:: Work instruction ::
Reproduce, word for word, the lines in the material below starting with the one that has "LOOK: The UAAP" and going on through the one that has "via Wikimedia CommonsReconstruction". Leave out all pictures.

:: Material to process ::
------

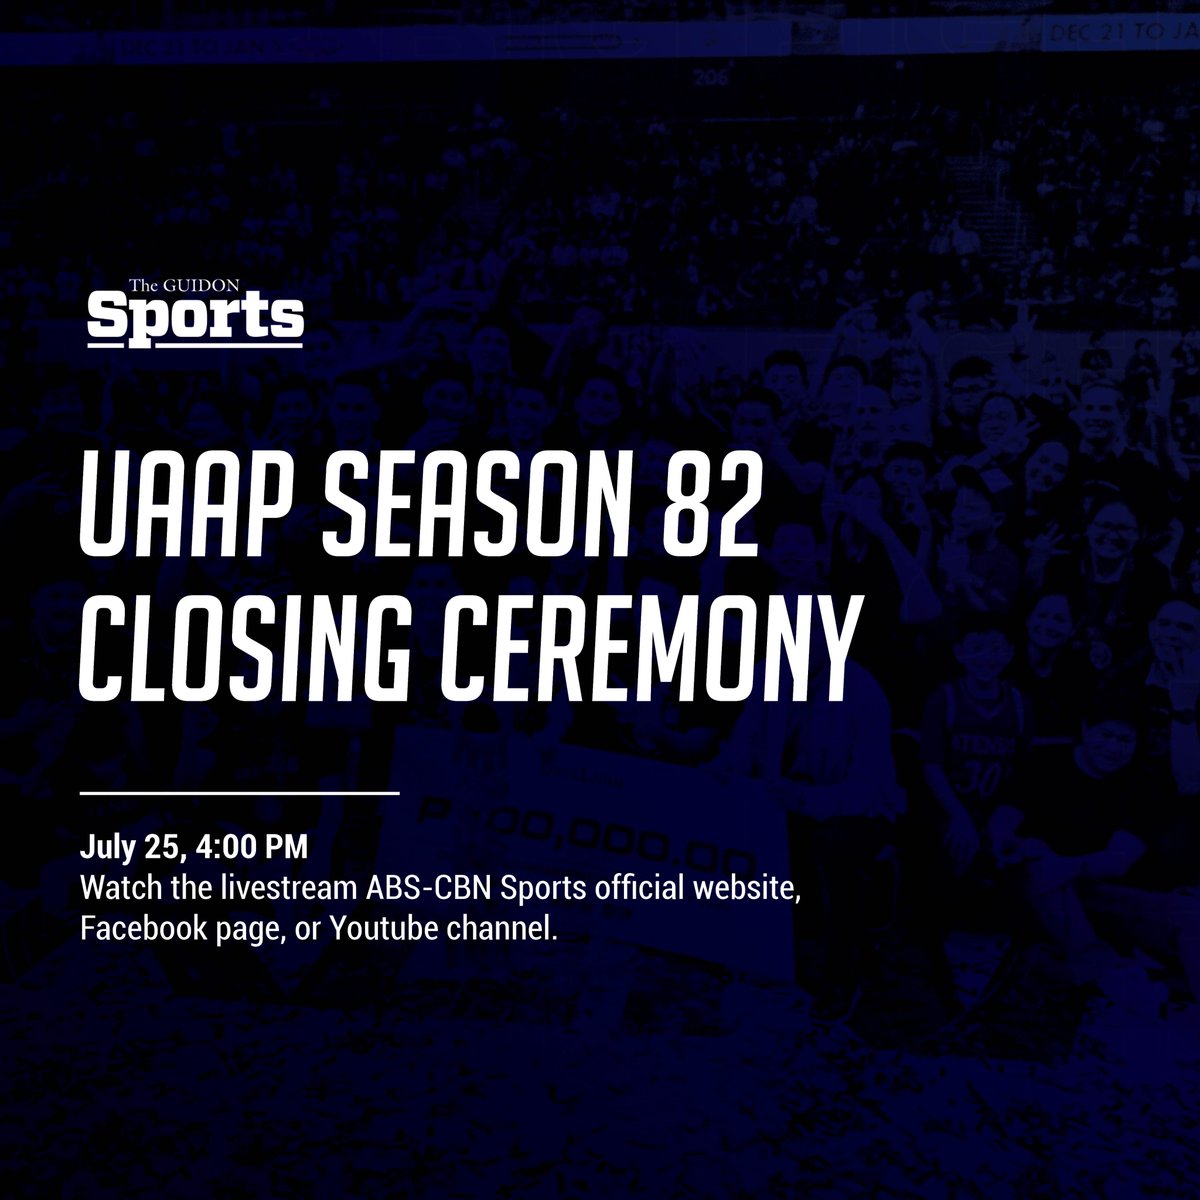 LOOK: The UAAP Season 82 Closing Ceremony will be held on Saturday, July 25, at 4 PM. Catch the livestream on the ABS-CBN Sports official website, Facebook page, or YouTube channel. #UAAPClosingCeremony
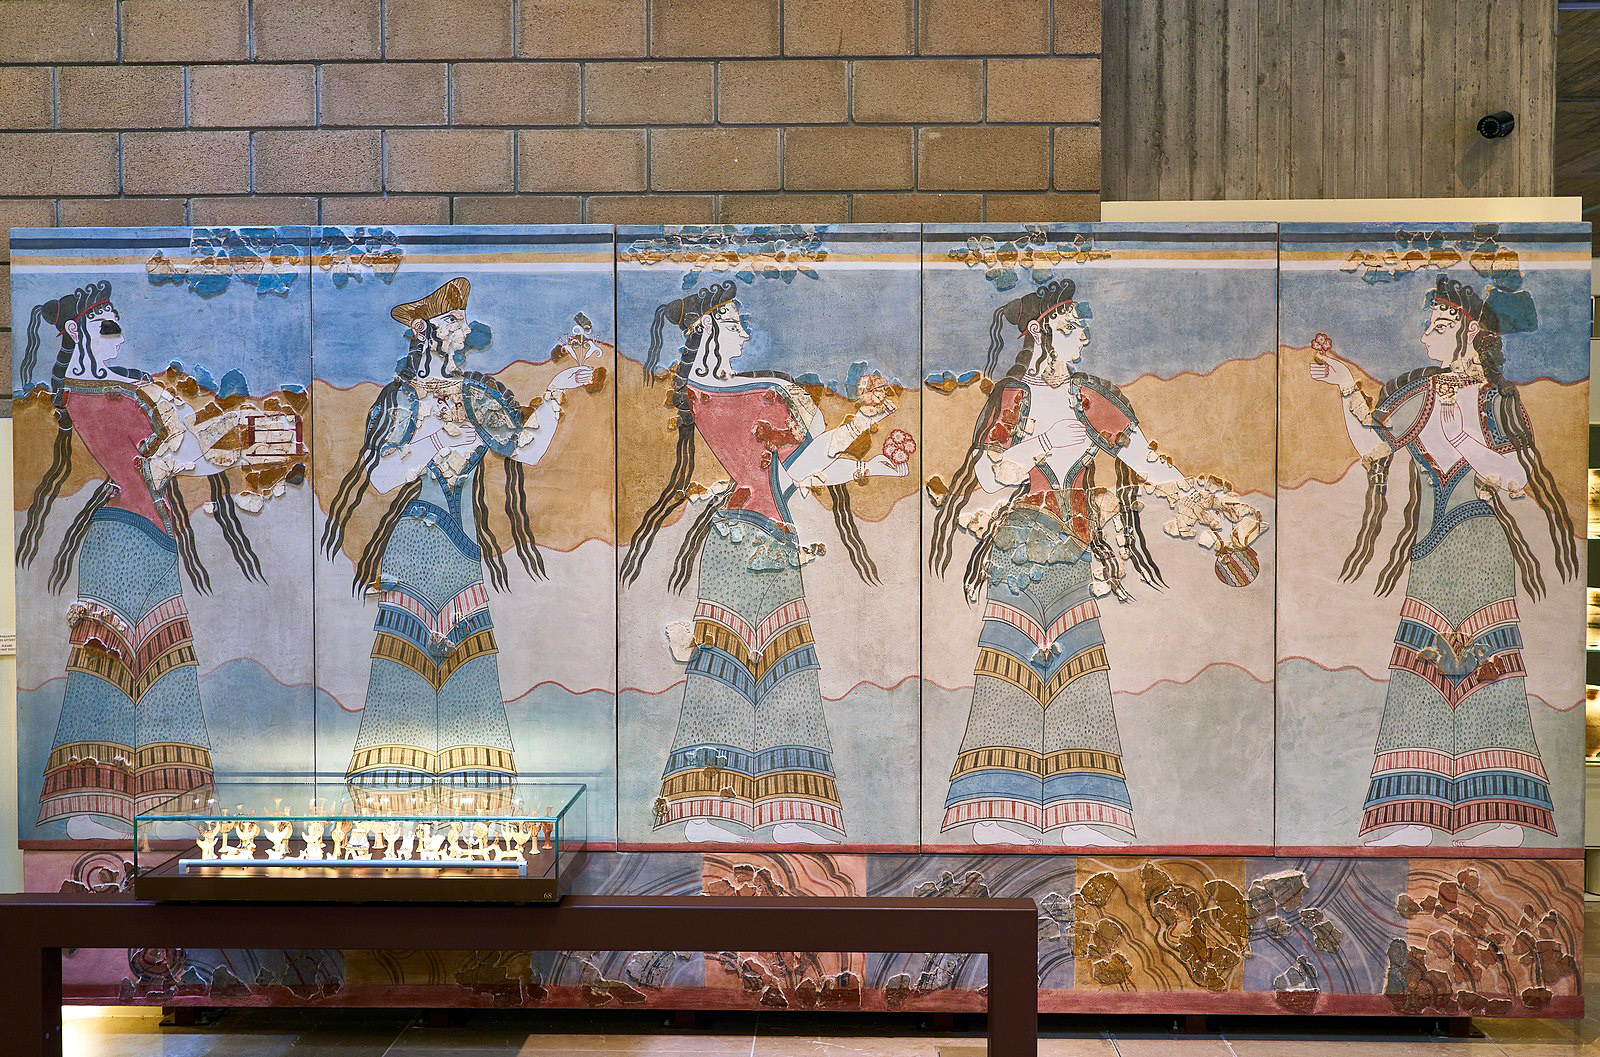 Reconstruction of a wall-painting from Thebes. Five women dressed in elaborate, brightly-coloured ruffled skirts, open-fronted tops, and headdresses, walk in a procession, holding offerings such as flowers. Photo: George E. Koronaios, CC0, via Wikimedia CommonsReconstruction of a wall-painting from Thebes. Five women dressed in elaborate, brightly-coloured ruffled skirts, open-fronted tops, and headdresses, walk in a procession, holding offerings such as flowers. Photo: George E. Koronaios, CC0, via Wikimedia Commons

------

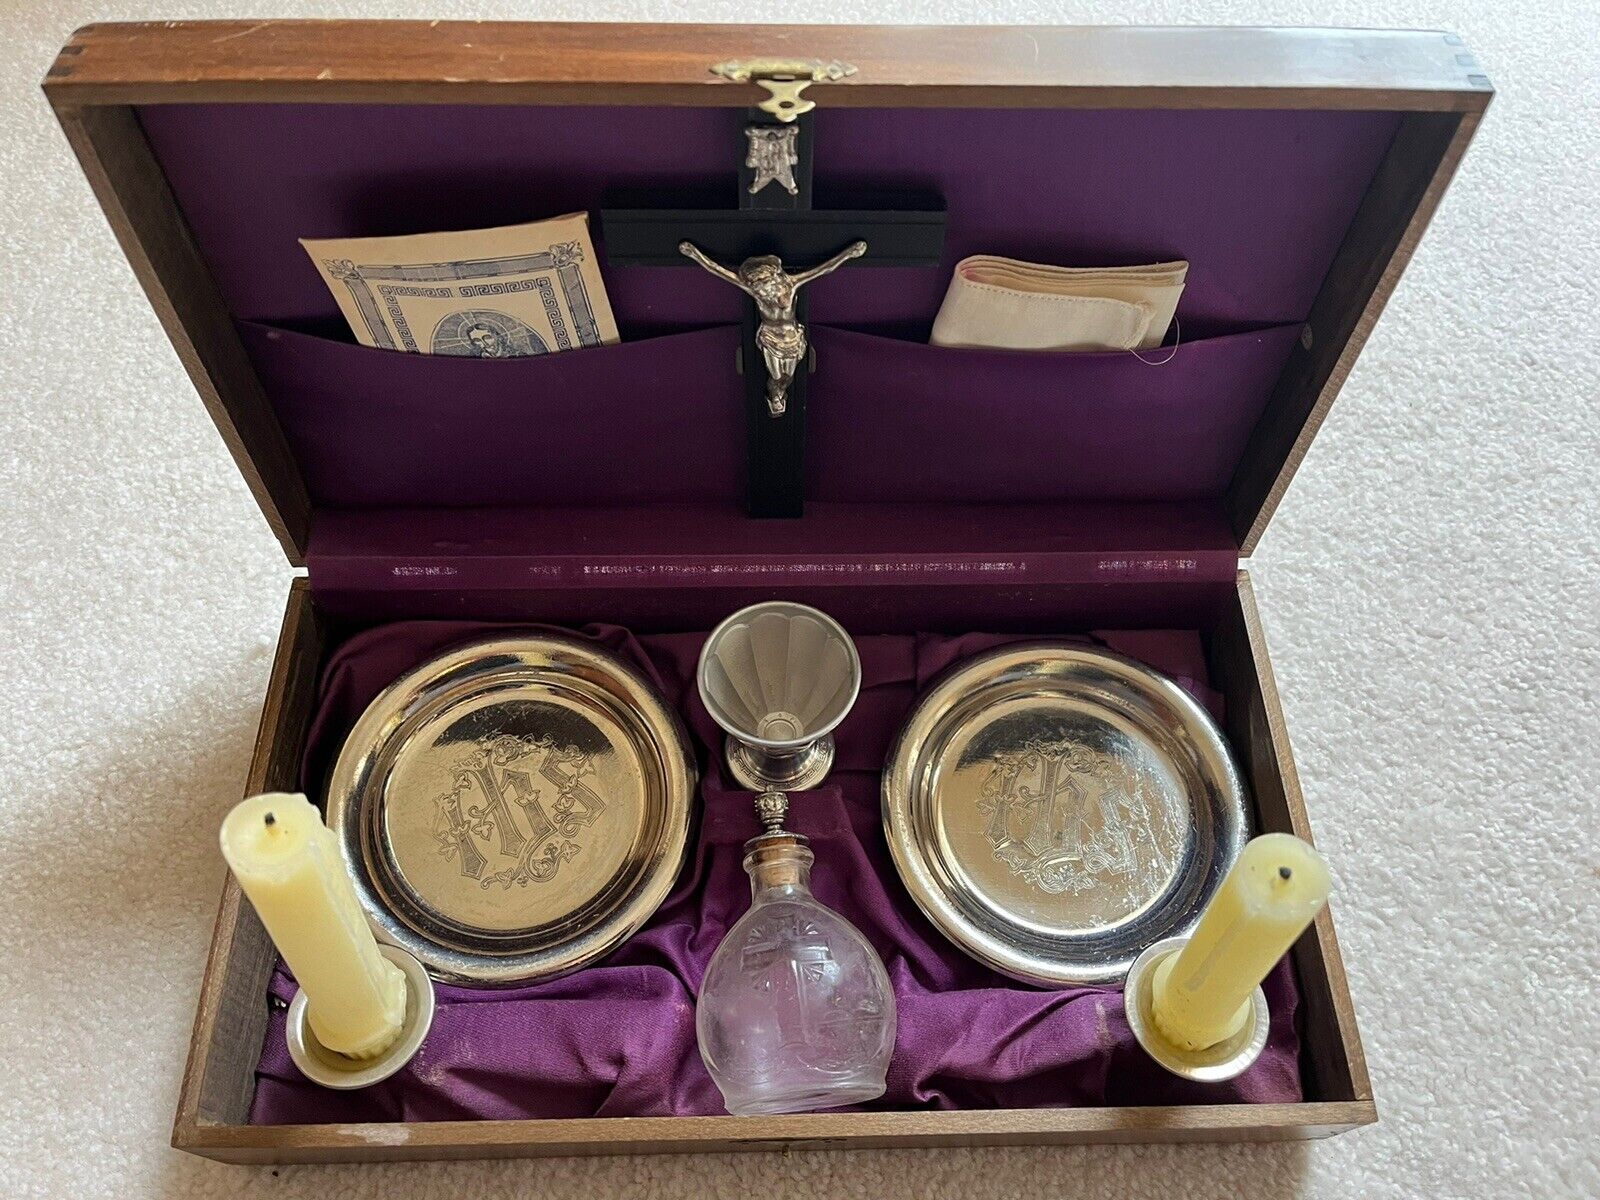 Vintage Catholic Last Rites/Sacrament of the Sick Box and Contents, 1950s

------

:: Written answer ::
 LOOK: The UAAP Season 82 Closing Ceremony will be held on Saturday, July 25, at 4 PM. Catch the livestream on the ABS-CBN Sports official website, Facebook page, or YouTube channel. #UAAPClosingCeremony
 Reconstruction of a wall-painting from Thebes. Five women dressed in elaborate, brightly-coloured ruffled skirts, open-fronted tops, and headdresses, walk in a procession, holding offerings such as flowers. Photo: George E. Koronaios, CC0, via Wikimedia CommonsReconstruction of a wall-painting from Thebes. Five women dressed in elaborate, brightly-coloured ruffled skirts, open-fronted tops, and headdresses, walk in a procession, holding offerings such as flowers. Photo: George E. Koronaios, CC0, via Wikimedia Commons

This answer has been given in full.